George Day (1764-1830) is the furthest I can reliably go back in my family tree. Probably born in Bengeworth, there is not much known about him before 1805 when he bought Aldington Farm, east of Aldington. In 1806 he acquired the Manor of Aldington, becoming ‘Lord of the Manor’ but leasing it to one William Preedy. He exchanged the farm and land with the Revd. Thomas Williams for land near the Manor, just before the Enclosures Act of 18 October 1808. Two days after the Act came into effect, he sold the Manor (which included much of the village) to James Ashwin for £12,000.
The exact date of the building of Prospect House, his home in Bengeworth, is unknown but had to be around the time George sold the Manor at Aldington. He lived there until his death in 1830 when the property was left to one of his sons, William Henry Day. Prospect House is now a Grade II listed building on the Heritage List for England.

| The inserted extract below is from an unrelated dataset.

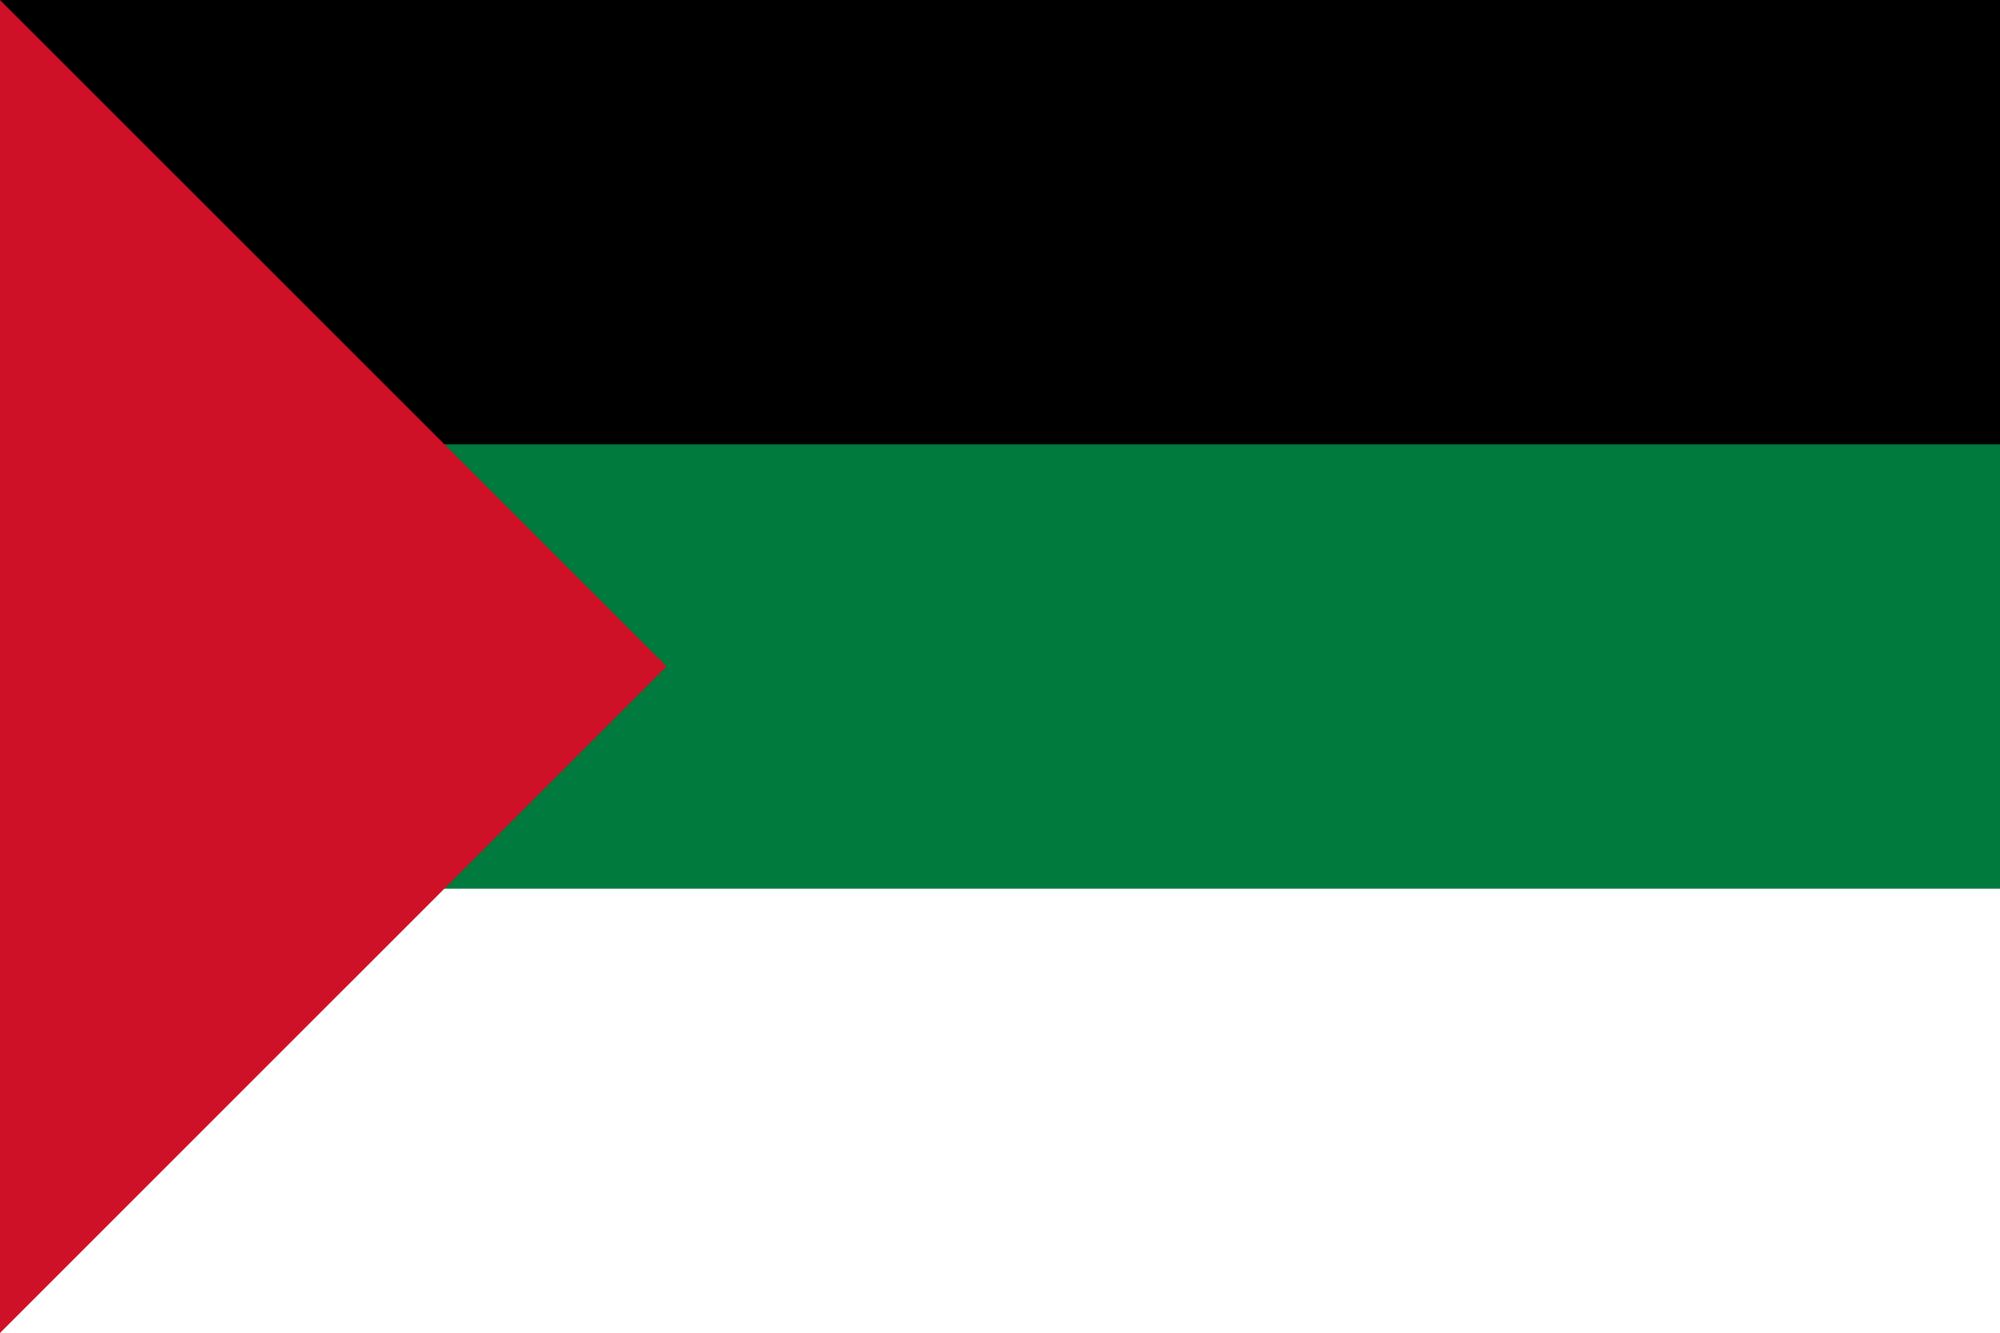 Osmanlı yönetimindeki Mekke Arap İsyanı sırasında Arapların eline geçti. tarihte bugün

George Day was described as a gentleman and a ‘Merchant of Evesham’ and became Mayor there three times, in 1803, 1815 and 1826. His name is on the Mayoral Boards that used to be in Evesham Town Hall. ‘He is said to have speculated considerably and sometimes disastrously in local properties’ (Biggs family history) and a gazette notice of his daughter’s wedding in October 1834 in such newspapers as The Worcester Journal and Worcester Herald refers to him as ‘the Late George Day, Banker.’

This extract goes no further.